Data segment:
□ □ □ □ □ □ □
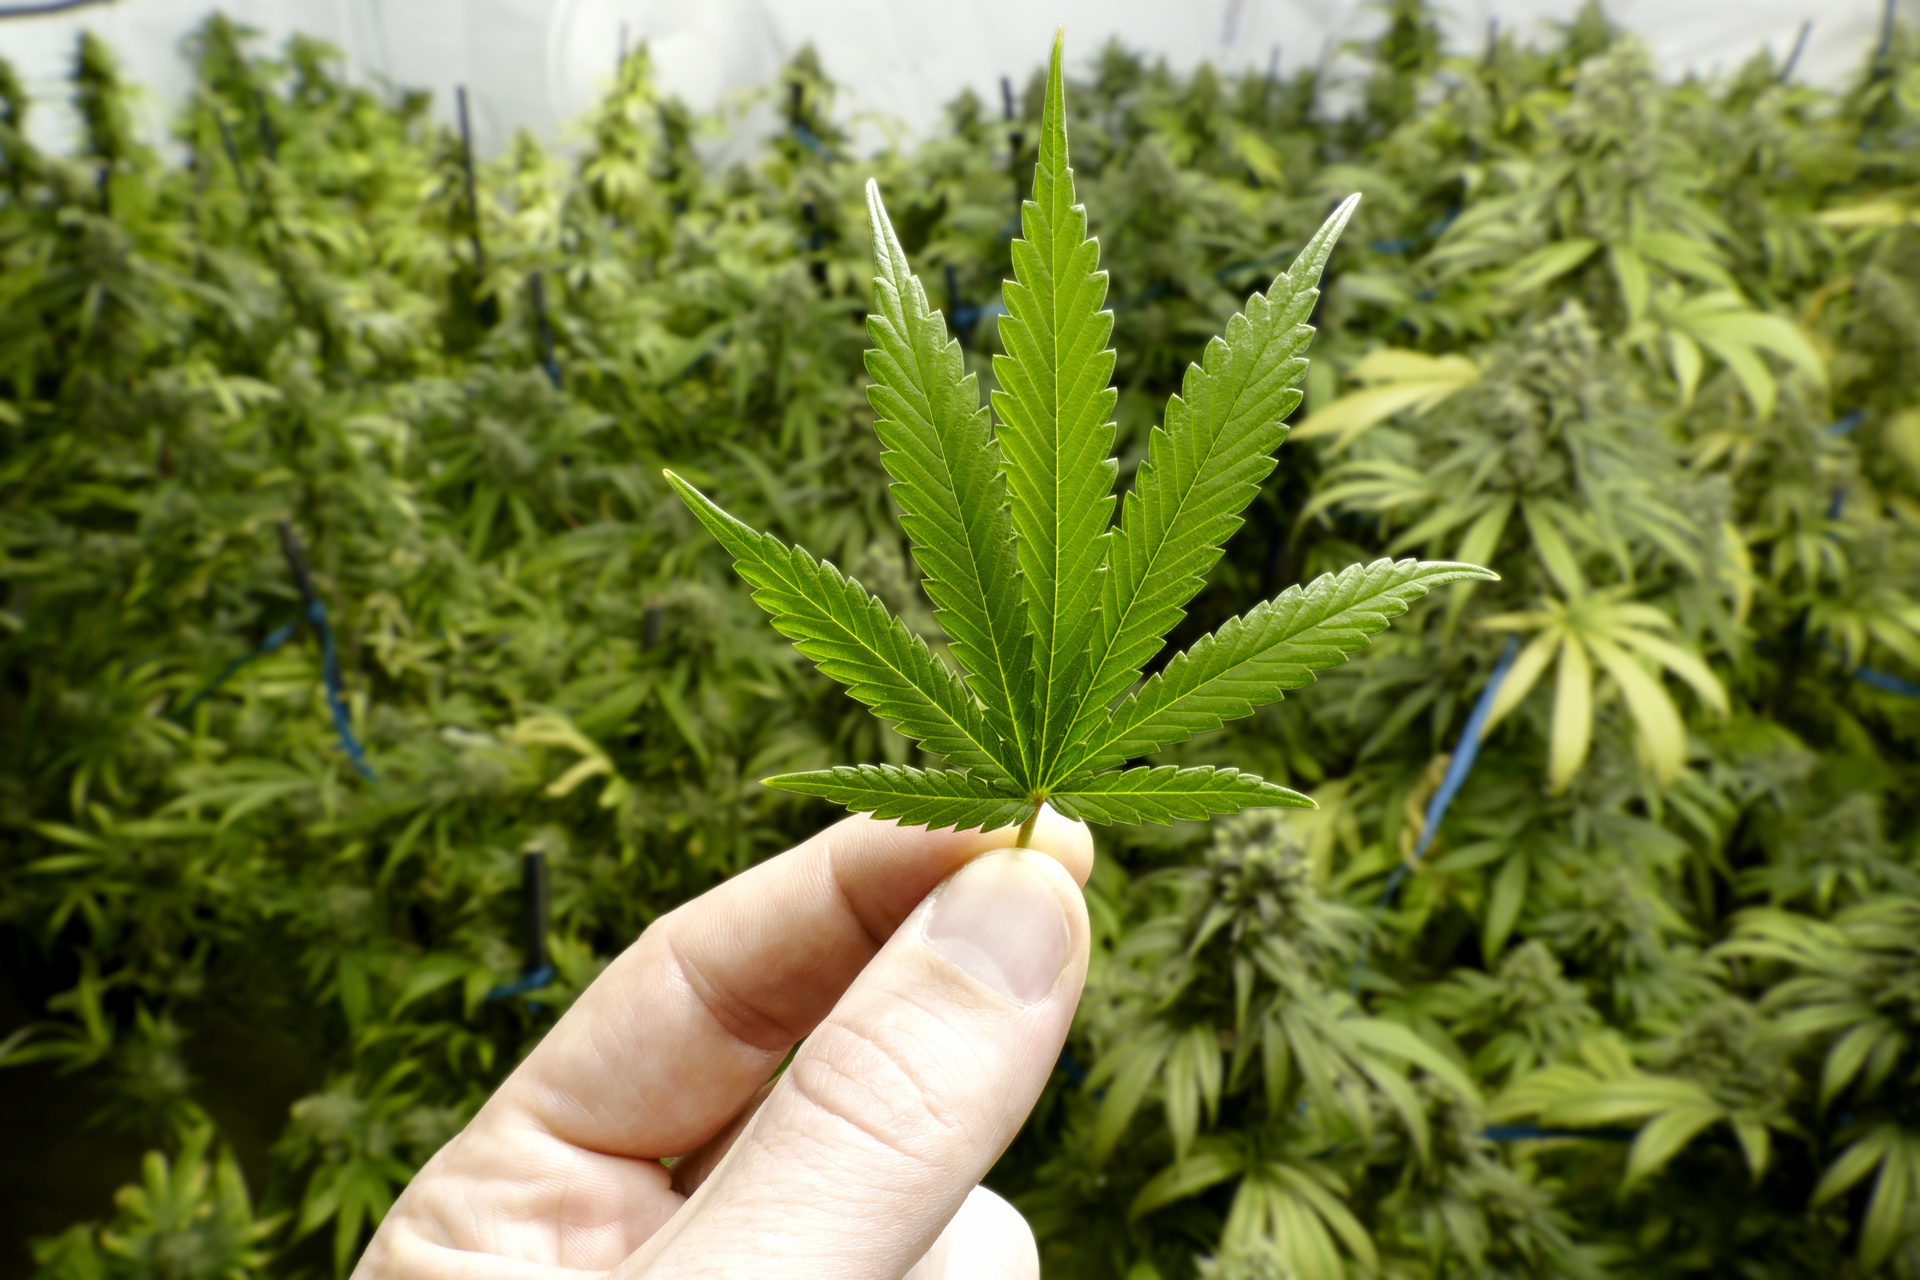 Cannabis company Medical Kiwi declined NZX listing - NZ Herald
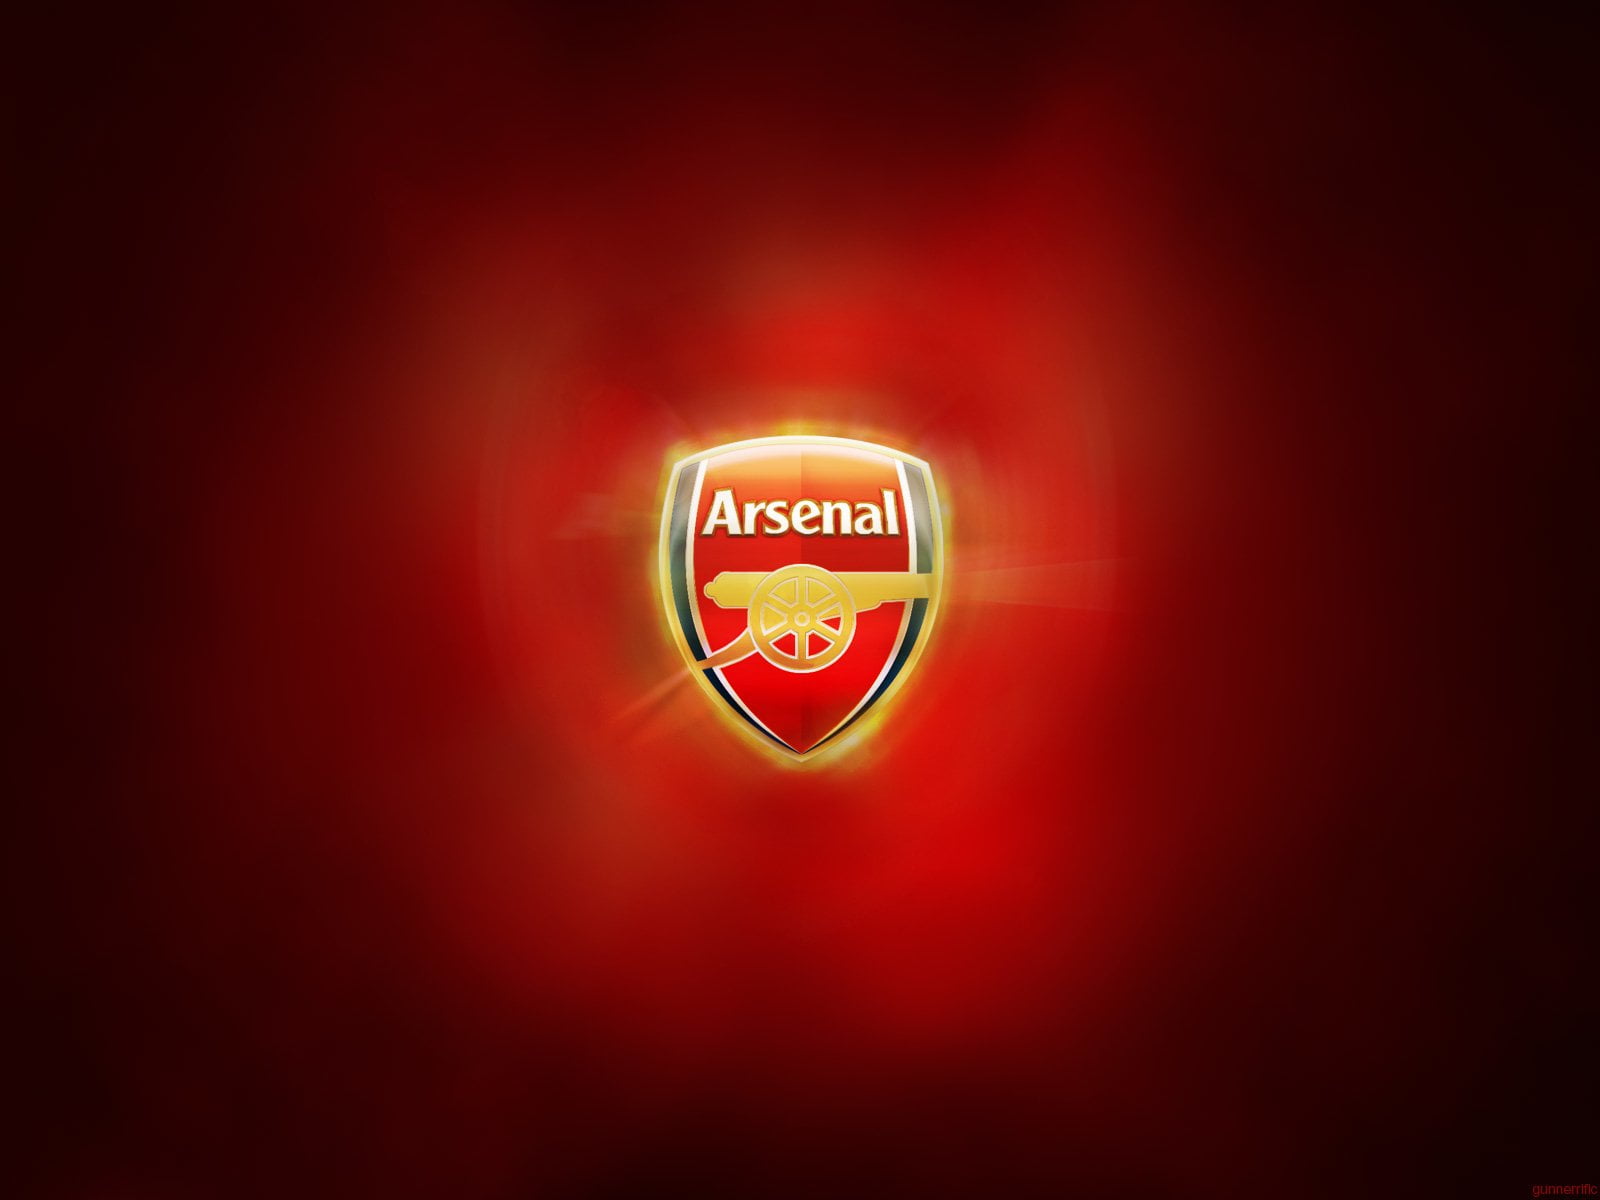 Arsenal logo, Soccer, Arsenal F.C., red, text, illuminated, single object
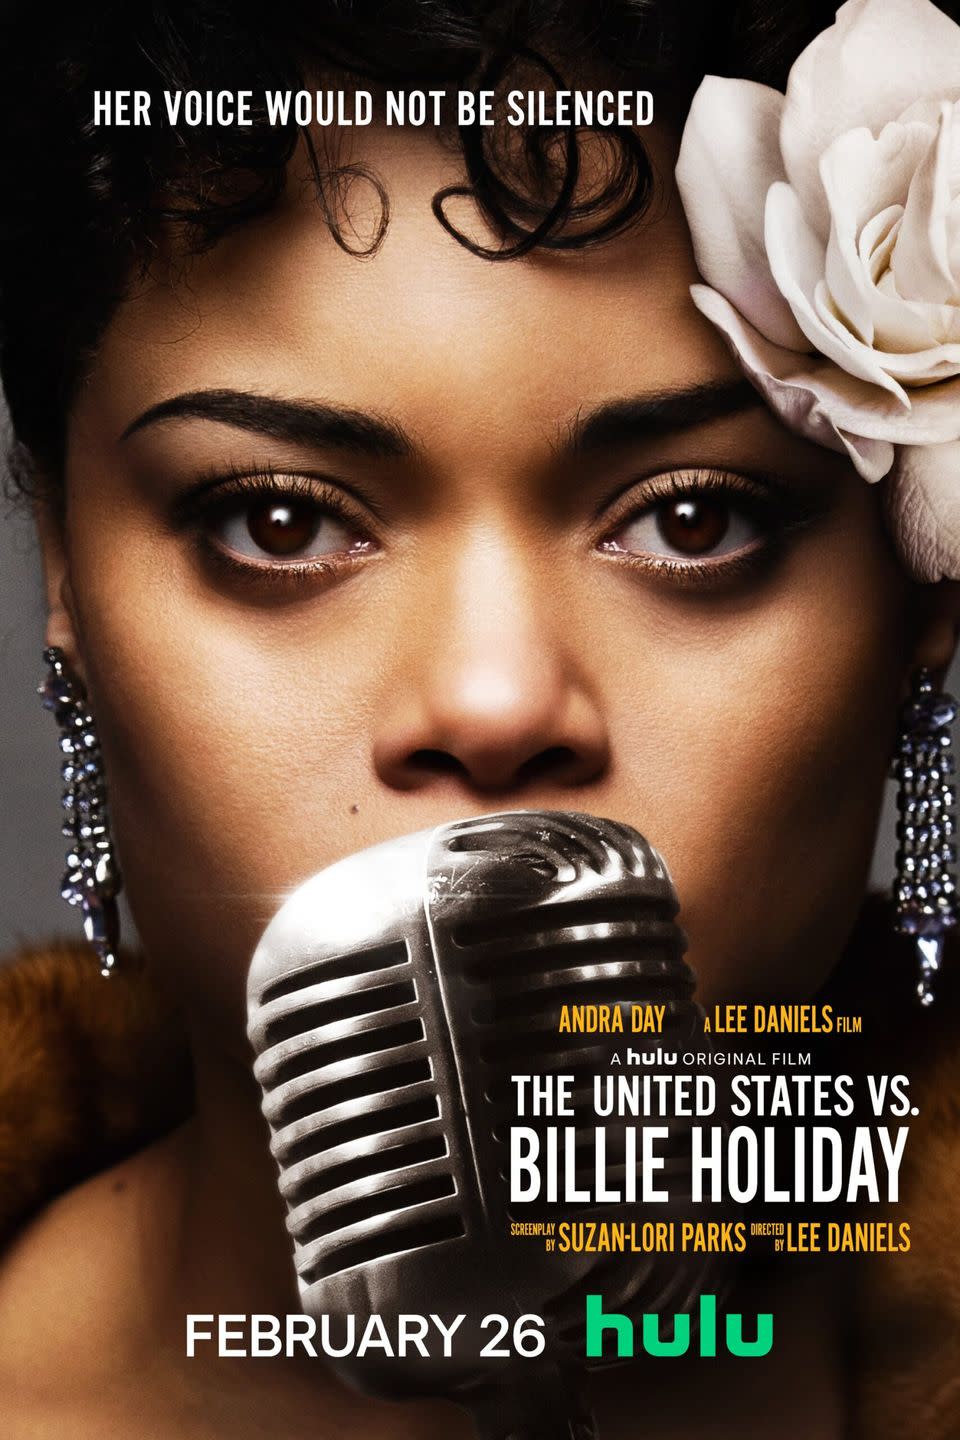 10) The United States Vs. Billie Holiday
□ □ □ □ □ □ □
What you will do: Although the material contains pictures, only the lines are to be written out, exactly as they stand.

Exercise response:
 Cannabis company Medical Kiwi declined NZX listing - NZ Herald
 Arsenal logo, Soccer, Arsenal F.C., red, text, illuminated, single object
 10) The United States Vs. Billie Holiday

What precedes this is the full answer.